“America’s enemies must never know our plans or believe they can wait us out,” President Donald Trump declared in August 2017. It was an aspirational sentiment aimed at a domestic audience, and one with eerie parallels to the Nixon administration’s approach to negotiations with the North Vietnamese. Of course, Hanoi did “wait us out,” as Henry Kissinger feared they would. The Paris Peace Accords were flawed from the start, and American officials knew it. The U.S. objective was withdrawal, even at the expense of American prestige and the safety of the allies it had cultivated and protected in South Vietnam. The United States is reliving this trauma today in the effort to extricate itself from Afghanistan.

Unlike the president, the commander of U.S. forces in Afghanistan, General Austin Scott Miller, sounded far less determined to show the Taliban that their resolve will not outlast America’s. In a recent interview with NBC News, Miller expounded on what has become the bipartisan consensus U.S. policy toward Afghanistan: face-saving withdrawal. “My assessment is the Taliban also realizes they cannot win militarily,” the general said. “So you do not necessarily wait us out, but I think now is the time to start working through the political piece of this conflict.”

Republican lawmakers spent the better part of Barack Obama’s second term in the White House castigating the president and his administration for negotiating with the Taliban to secure the terms of America’s eventual withdrawal from the country’s longest foreign conflict. A particular source of consternation for the GOP was the deal that White House officials worked out with the Afghan insurgency to secure the release of Sgt. Bowe Bergdahl in exchange for five ranking Taliban detainees held in Guantanamo Bay. Those Taliban officials were transferred to Qatari custody with the understanding that their movements would be restricted and their activities monitored. Today, however, those five Taliban detainees have resurfaced in Qatar as political representatives of the insurgent group. They are tasked with negotiating terms in which “The Islamic Emirate of Afghanistan” will transition to the post-American era.

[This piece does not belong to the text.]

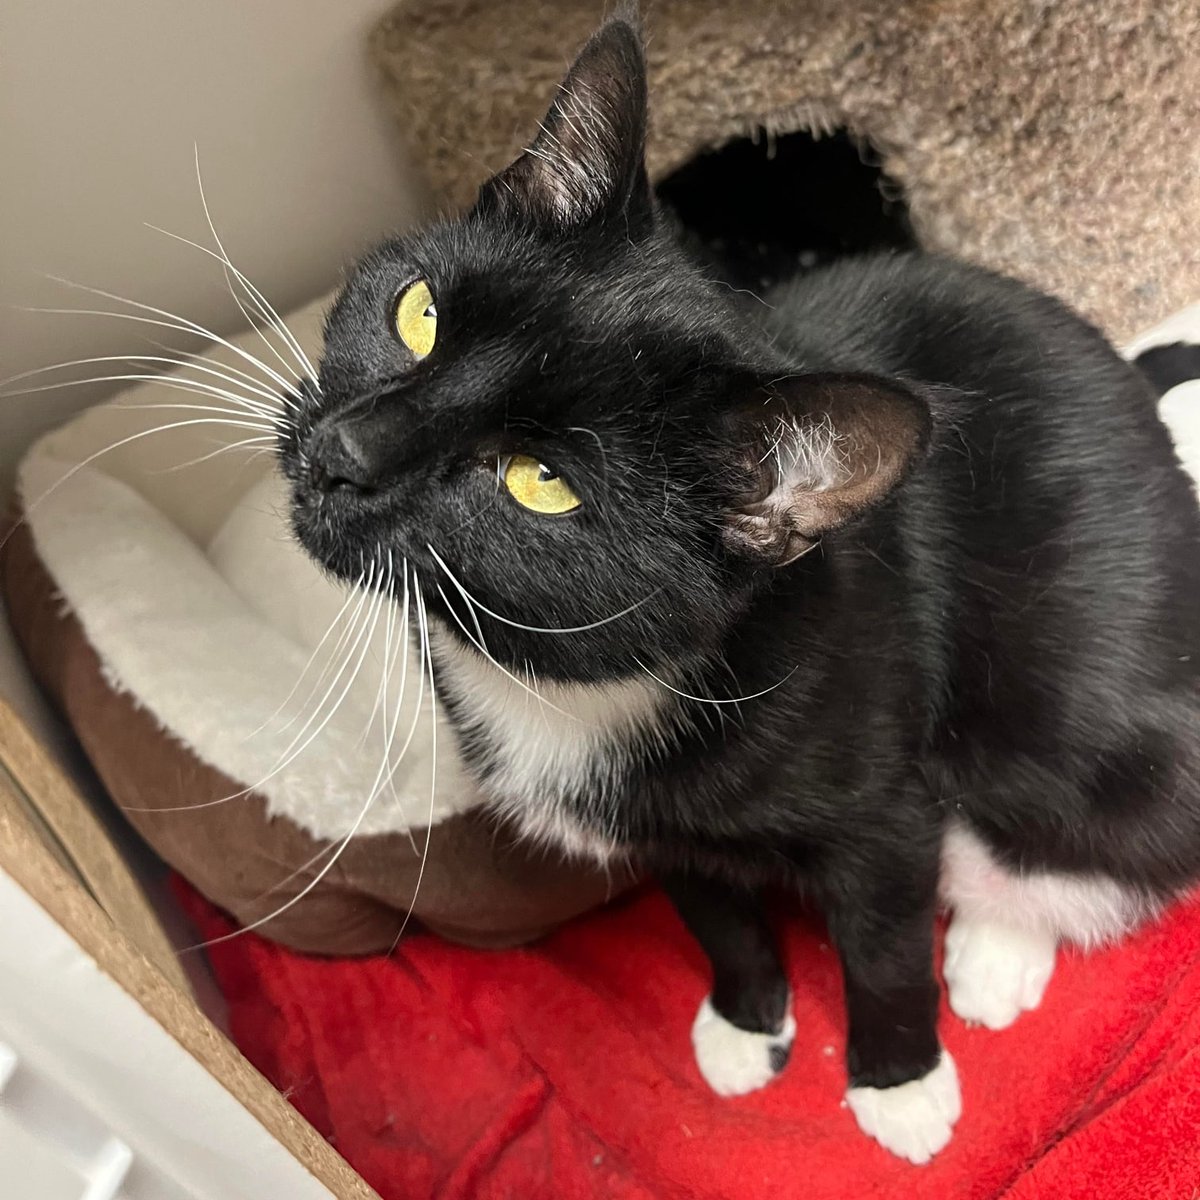 Pet purrsonal star Ramona here to tell you her adoption fee is only $75 until Thursday! 

#safeteamrescue #safeteamkitty #adoptdontshop #kittytwitter #edmontonadoptables #rescuecat #rescuedismyfavoritebreed #yegcats #catlovers

As Bloomberg’s reporters observed, Taliban’s old guard is being rehabilitated, which bodes ill for the future of Western negotiations with the fundamentalist organization. So, too, does Pakistan’s release of a senior Taliban leader, Mullah Abdul Ghani Baradar, after seven years in custody—a move that conspicuously followed Washington peace envoy Zalmay Khalilzad’s visit to Islamabad earlier this month. It seems reasonable to assume that the United States maintains no formal objection to the Taliban’s efforts to reconstitute its status quo ante political leadership.

In more foreboding echoes from the Vietnam era, the Taliban refuses to negotiate with the government in Kabul, calling it an illegitimate puppet regime, and is supported in Afghanistan by insurgent networks operating across the border in Pakistan. On the day that America withdraws completely from South Asia, this Islamist network will be well-positioned to begin the reclamation of the territory it lost after the September 11 attacks. And because the Taliban is getting the old band back together and has never renounced their pre-2001 support for al-Qaeda, the United States has few assurances that Afghanistan won’t again become a haven for terrorists.

The parallels between the Afghan conflict and Vietnam do have a limit. The voting public long ago resigned itself to the idea that the Afghan war was a wasted effort. The fall of Saigon was a national trauma, in part, because the political class assured the public that Washington would never let it happen. By contrast, Americans knew the war in Afghanistan was lost long before their representatives began acting like it.